The exercise of episcope in such a complex eccelesiatical ecology is a demanding, but rewarding task.    The hallmarks of this Diocese have been:

  • A desire to express and share Christian faith in language that is meaningful and intelligible to people today
  • Searching for a flexible form of Church organisation, ministry and worship which is linked to and serves people in their daily life
  • A clear engagement with social and moral issues – not ducking the debate

 The task facing us all is how we live faithfully in the present, whilst being shaped by the past, and looking forward in hope to the future.

As we move through today’s Synod we might reflect on how our discussions are shaped by our basic sense of identity as Christians in the part of God’s Church which is Southwark Diocese.

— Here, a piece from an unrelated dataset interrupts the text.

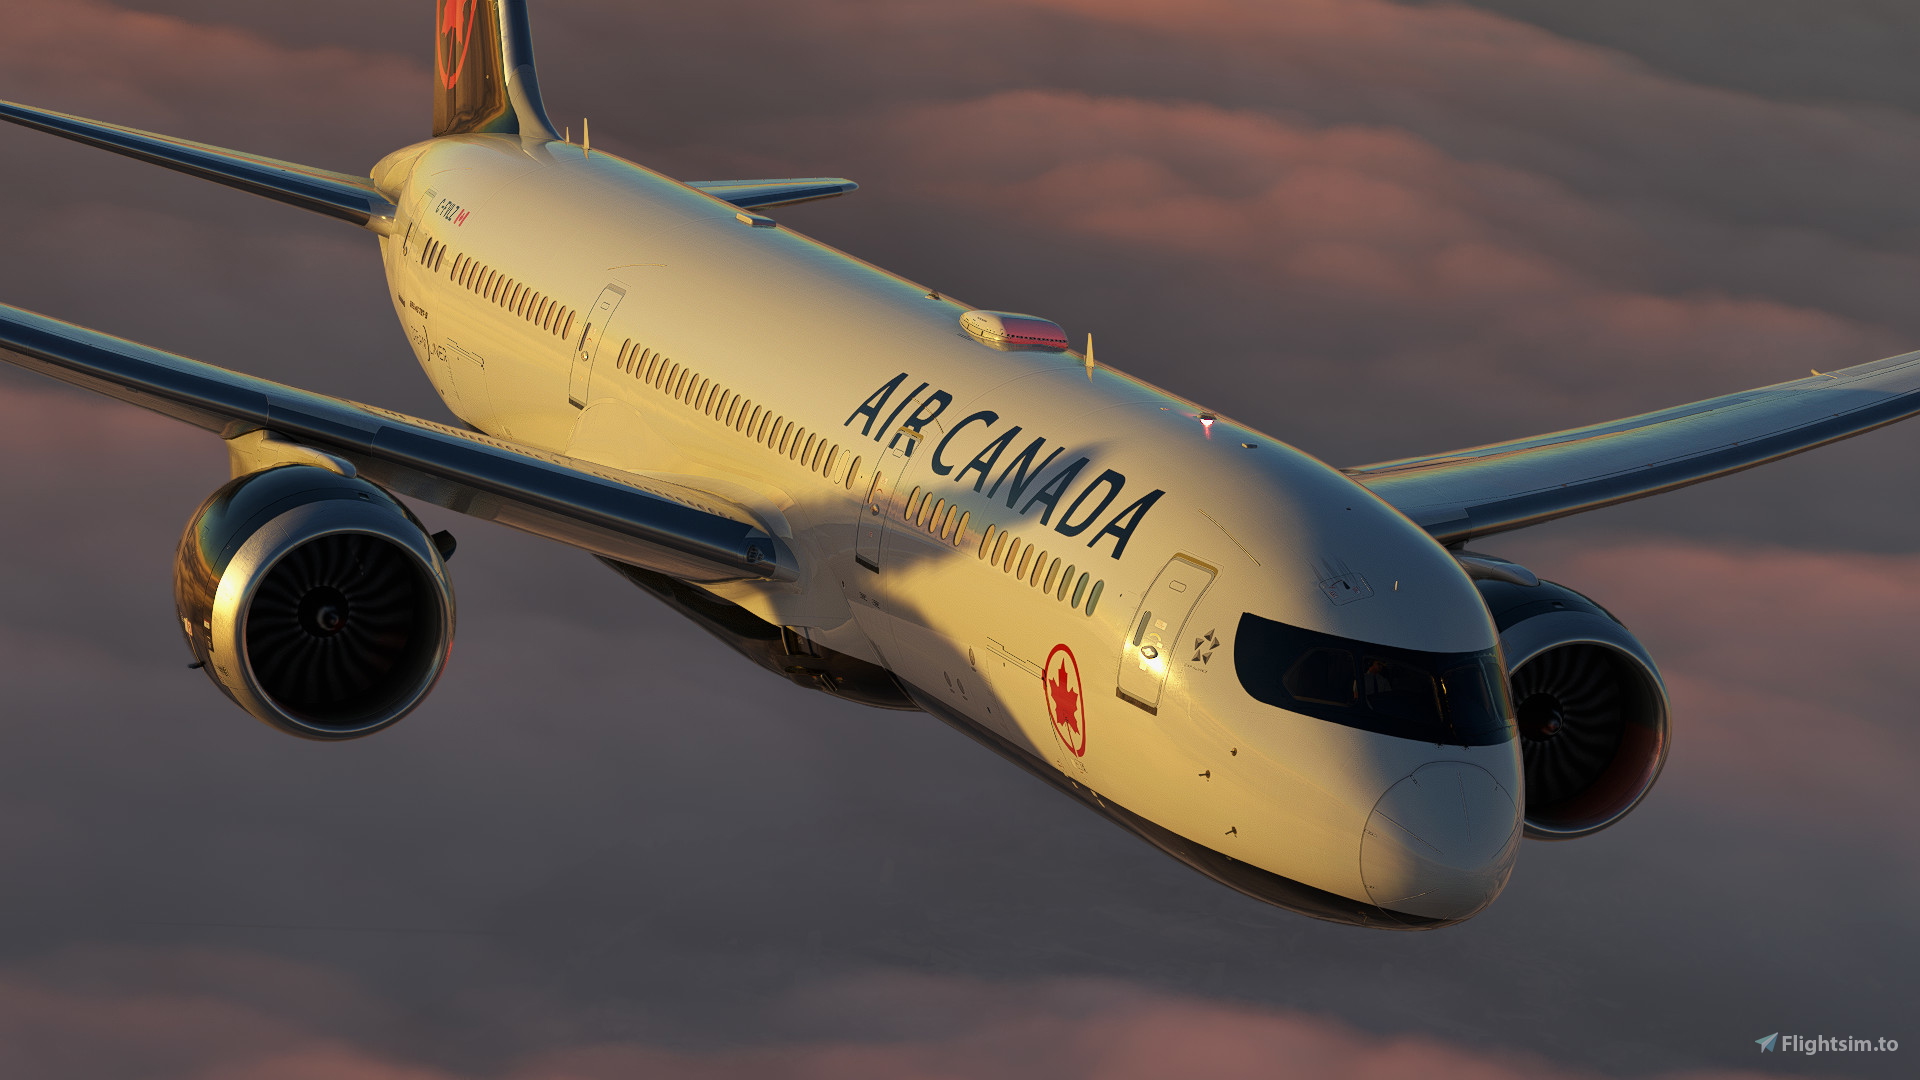 Air Canada C-FVLZ | Boeing 787-9 | (8K + 4K) for Microsoft Flight 
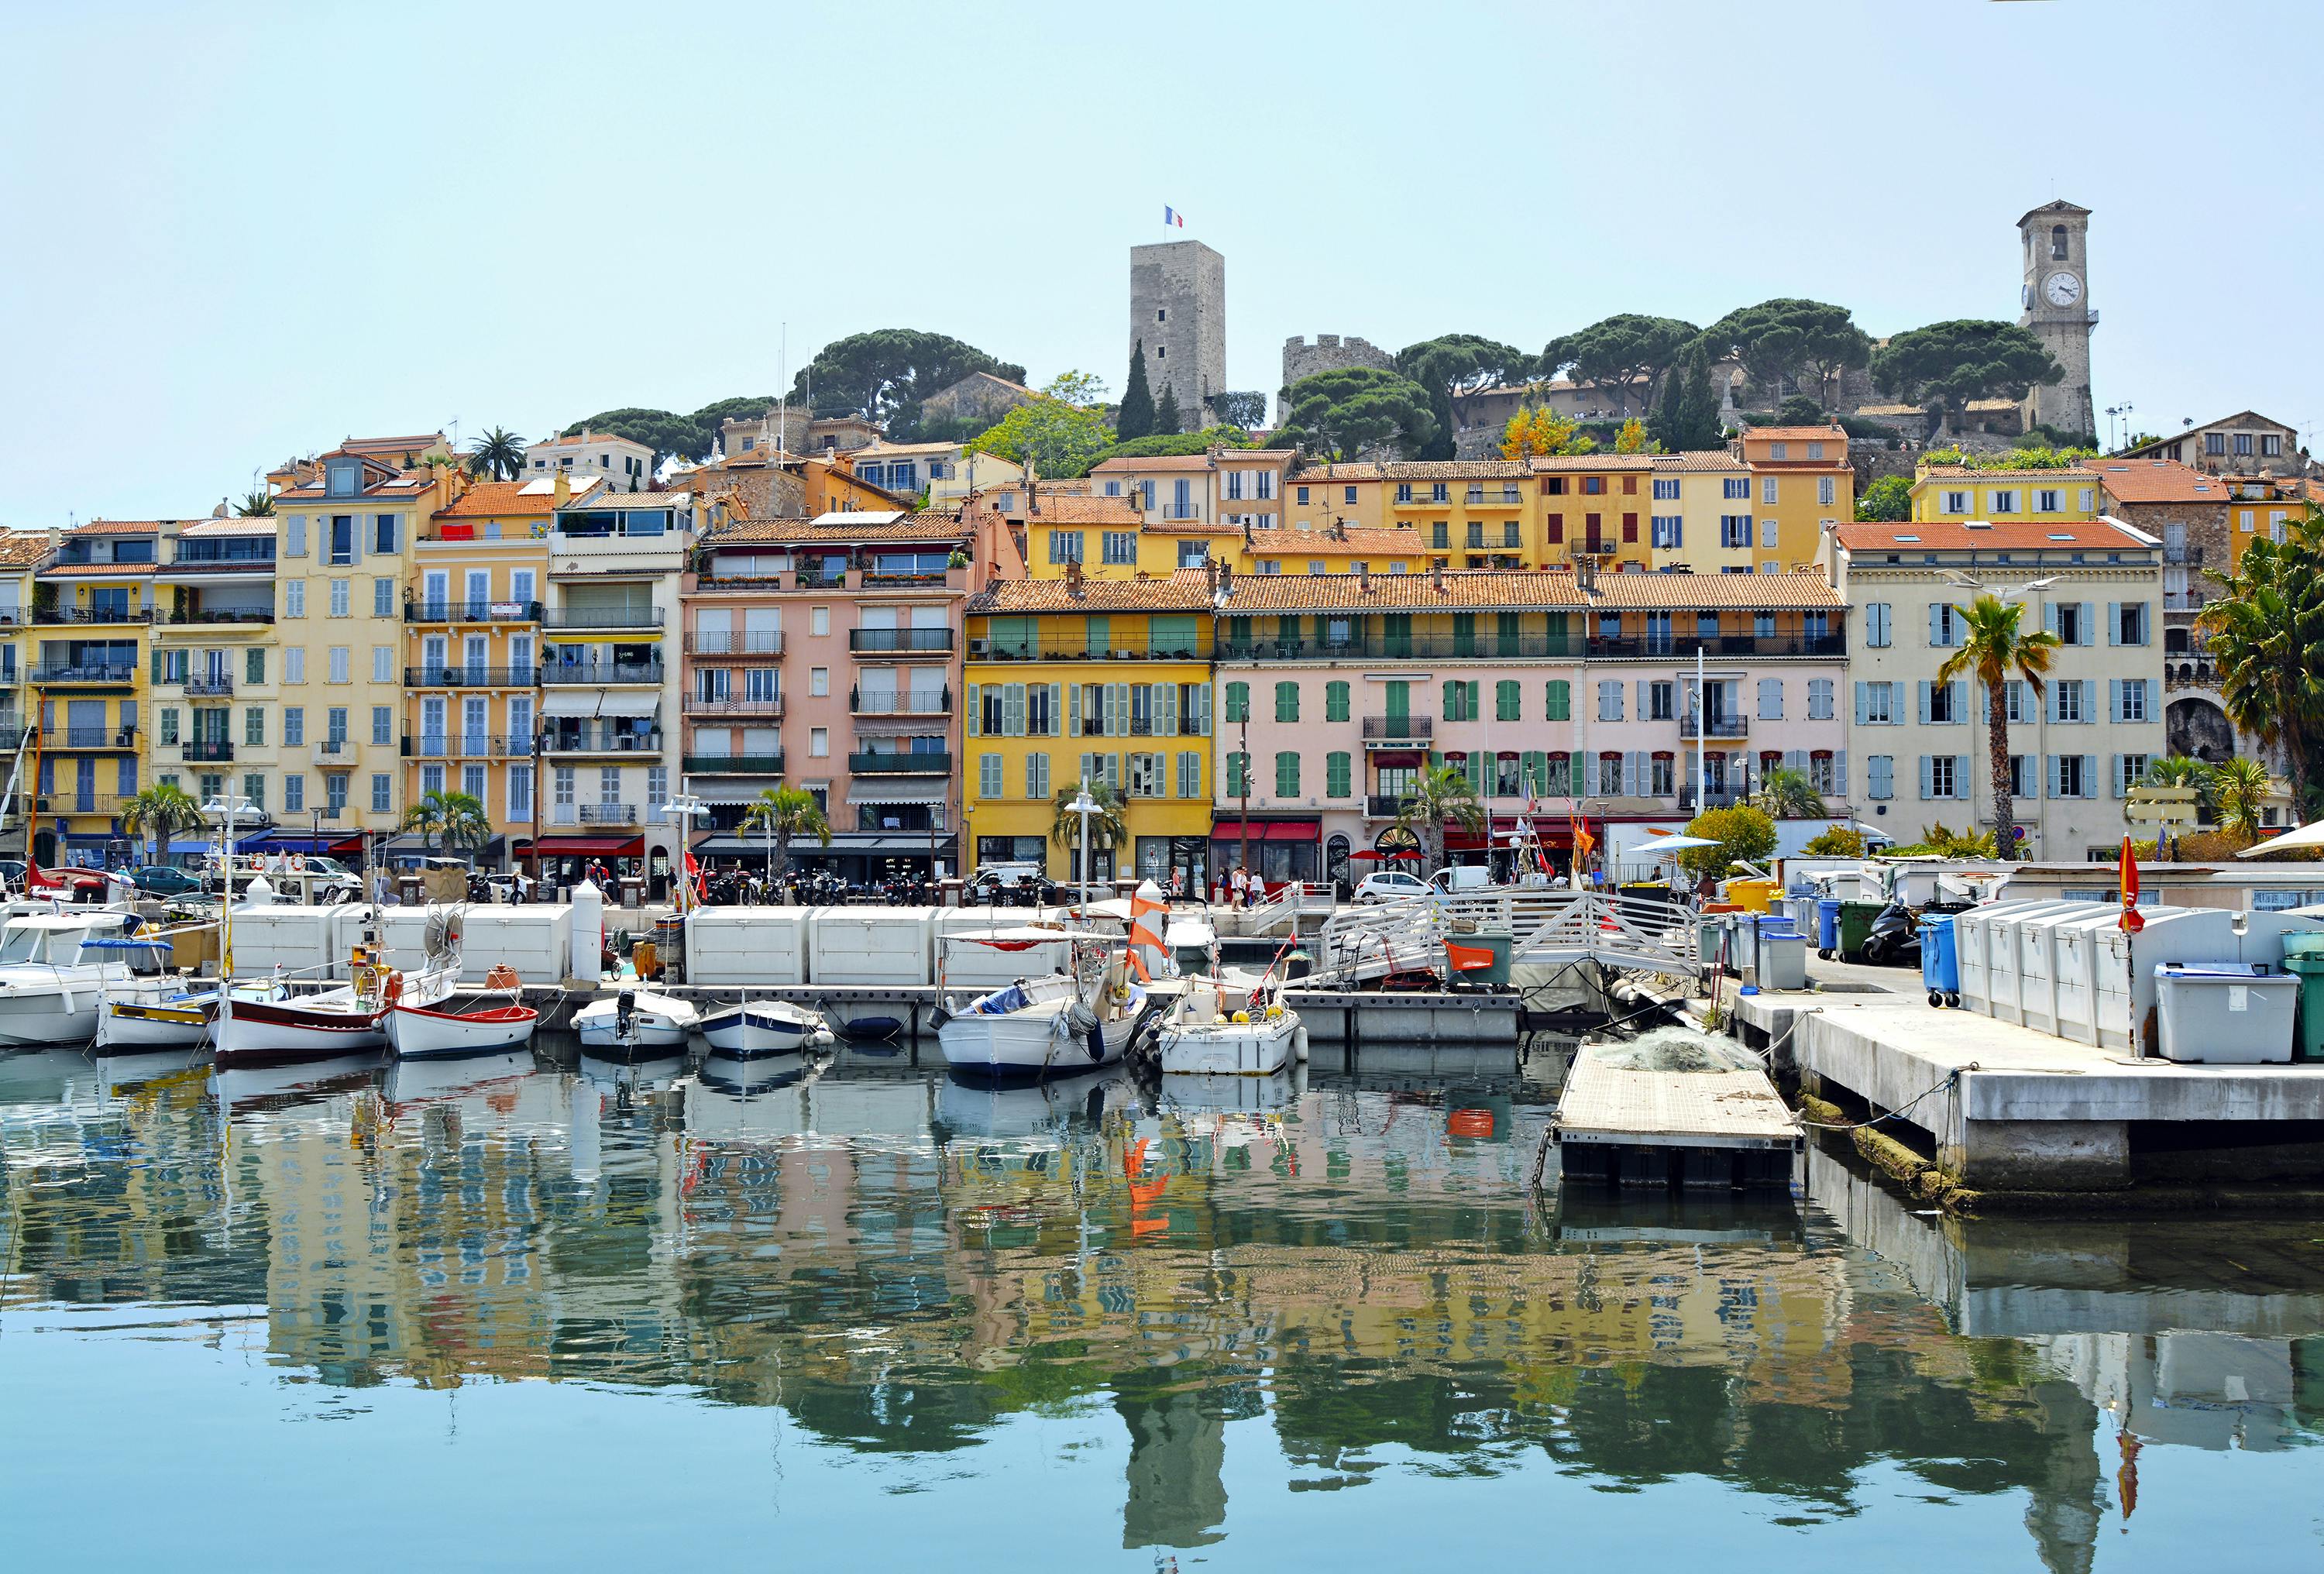 Private Besichtigungstour an der Riviera ab Cannes

  • We shall be looking at the budget for next year – with the underlying principles of Christian stewardship which are expressed in it.
  • We consider the arrangements for clergy terms of service under Common Tenure – with the related questions of how we understand our sense of Christian vocation and how it is best expressed.
  • We shall hear from the Mission Theologian about plans to make use of the 400th Anniversary of the King James version of the Bible to stimulate the use of the Bible in mission across our Diocese.
  • We have presentations from the charities and causes who have benefitted from last year’s Lent Call – reminding us of the importance of giving.
  • The Vicar of this church of St John, Waterloo will be telling us of some exciting initiatives here – Reminding us of the centrality of the life of our parishes and the importance of working for God’s justice in every place.
  • And we shall finish by considering how we, as a Diocese, will continue to approach the ongoing discussions on the proposals for the ordination of women as bishops in the Church of England, reminding us of the importance of  how we can hold some sense of the unity of God’s Church in the face of issues which deeply divide us.

I am sure it will be a fruitful Synod.  As we look forward as a Diocese at this stage in the Vacancy in See, I hope and pray that we will have a strong awareness of all that has shaped us in the past.  But above all a real openness to all that God calls us to in the future.